Before we start writing code we must to reference NEST in our project, that of making libraries accessible to the solution.

Referencing NEST

First we need to download the .NET client for Elasticsearch which is NEST. To reference NEST within our project,that is make its libraries accessible to the solution, use the Nuget Package Manager Console Window to run the below command to install the NEST client

  • PM> Install-Package NEST

When finished, we will see project References included the references those related to NEST.

We are now ready to use the Elasticsearch NEST client regarding the development of our CRUD.

Connection String Setup

Connection To Elasticsearch can be done in two way:

  • Single node connection
  • Multiple node connection for fail over (Cluster address)

See the below code.
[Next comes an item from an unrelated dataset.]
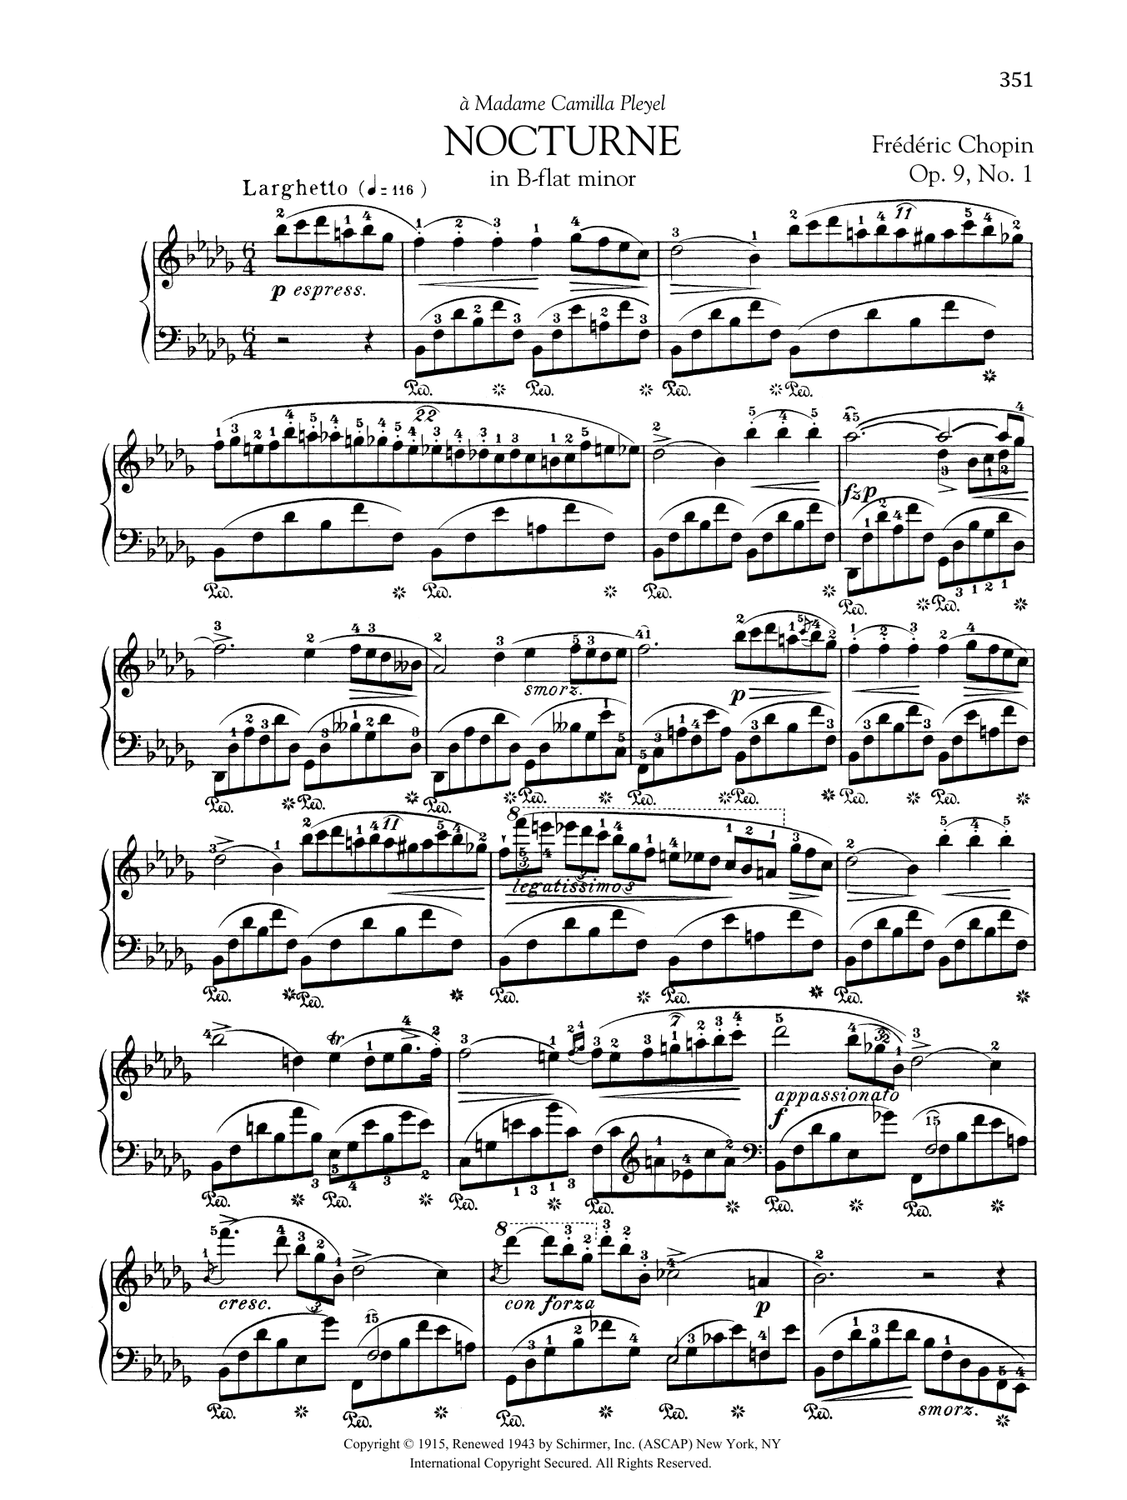 Die 21 Nocturnes von Frédéric Chopin

Here you can see that code for both single and multiple node are written. (Note: Here we put connection string in a separate class "ConnectionToES.cs" and made that class as NEST's ElasticClient typed so that we can access endpoints available in Elasticsearch in other class file.)

public static  ElasticClient EsClient()
{
    ConnectionSettings connectionSettings;
    ElasticClient elasticClient;
    StaticConnectionPool connectionPool;
 
    //Connection string for Elasticsearch
    /*connectionSettings = new ConnectionSettings(new Uri("http://localhost:9200/")); //local PC
    elasticClient = new ElasticClient(connectionSettings);*/
 
    //Multiple node for fail over (cluster addresses)
    var nodes = new  Uri[]
    {
        new Uri("http://localhost:9200/"),
        //new Uri("Add server 2 address")   //Add cluster addresses here
        //new Uri("Add server 3 address")
    };
 
    connectionPool = new  StaticConnectionPool(nodes);
    connectionSettings = new  ConnectionSettings(connectionPool);
    elasticClient = new  ElasticClient(connectionSettings);
 
    return elasticClient;
}

For our demonstration in this project we are using Multiple node connection code block. (Note: User can change to single node connection string. Just comment one part and uncomment the other)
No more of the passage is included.